To investigate whether the structural models’ accuracy correlated with binding prediction, Dr. Bradley compared the structural model of each TCR in complex with the wild-type epitope to all experimentally determined ternary structures in the protein structure database. The value of these interactions was used as a proxy for the accuracy of the predicted binding mode. Well-predicted epitopes indeed showed a lower value, indicating a more favorable binding prediction. Overall, these results indicate that decoy discrimination is correlated with structural accuracy, indicating that Dr. Bradley’s pipeline is selecting the correct peptide based on molecular specificity.

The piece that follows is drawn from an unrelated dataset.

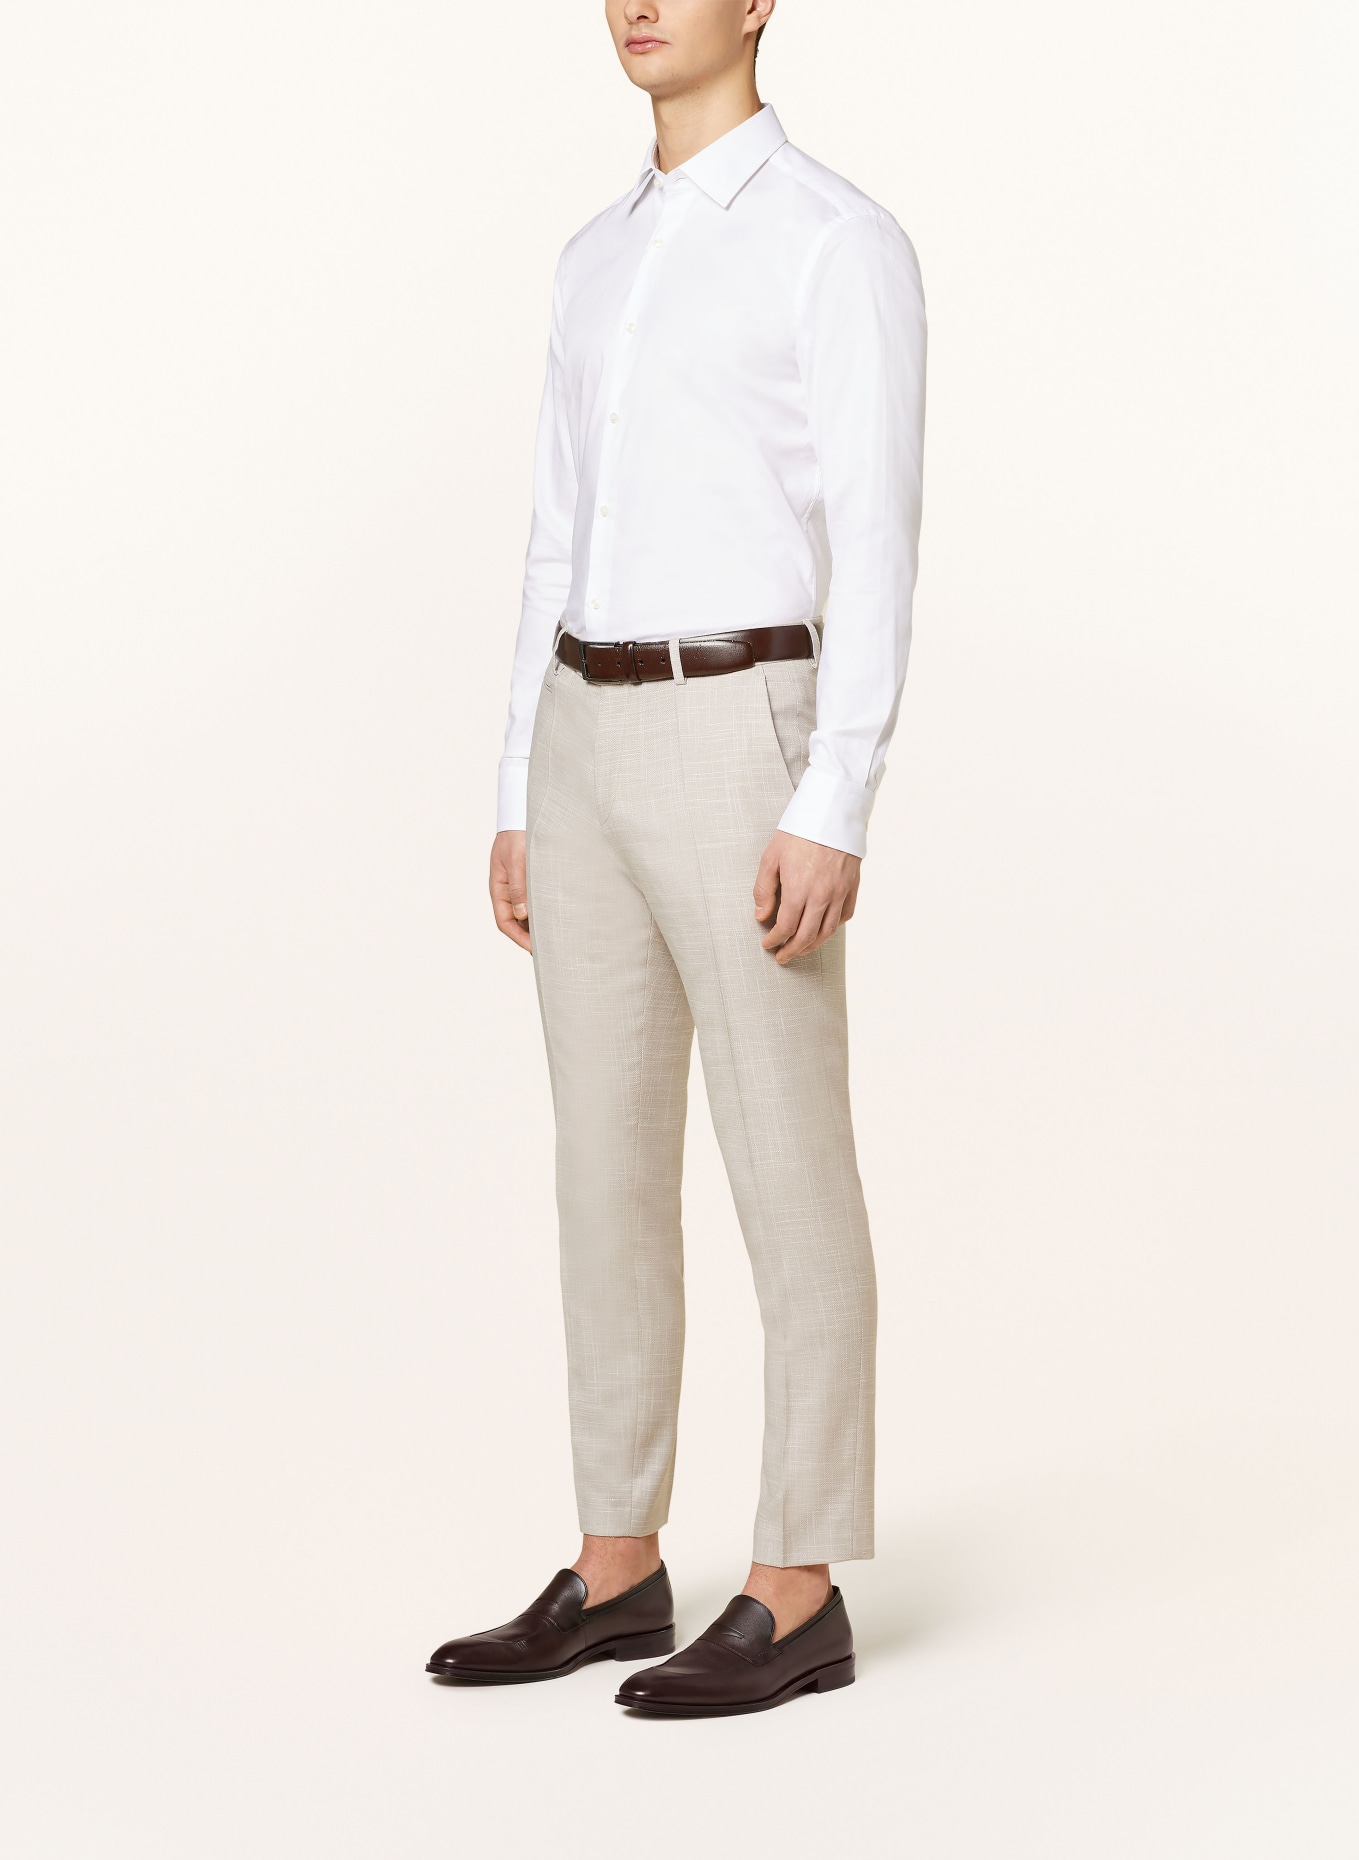 Hugo boss Trousers Slim Fit Stretch Cotton Black Kaito1 50410310 | eBay

Going forward, Dr. Bradley hopes to “use structural modeling, augmented by data-driven machine learning, to interpret TCR sequence data, linking TCRs to their cognate viral, tumor, or autoimmune epitopes.” He is very excited about “improving these predictions by fine-tuning AlphaFold's neural network parameters on TCR:peptide-MHC data.” He added “I think this approach could also be useful for screening designed TCR sequences to select ones that are more likely to have the desired epitope specificity.”
The spotlighted research was funded by the National Institutes of Health.
Fred Hutch/University of Washington/Seattle Children's Cancer Consortium member Philip Bradley contributed to this work.
Bradley P. Structure-based prediction of T cell receptor:peptide-MHC interactions. Elife. 2023 Jan 20;12:e82813.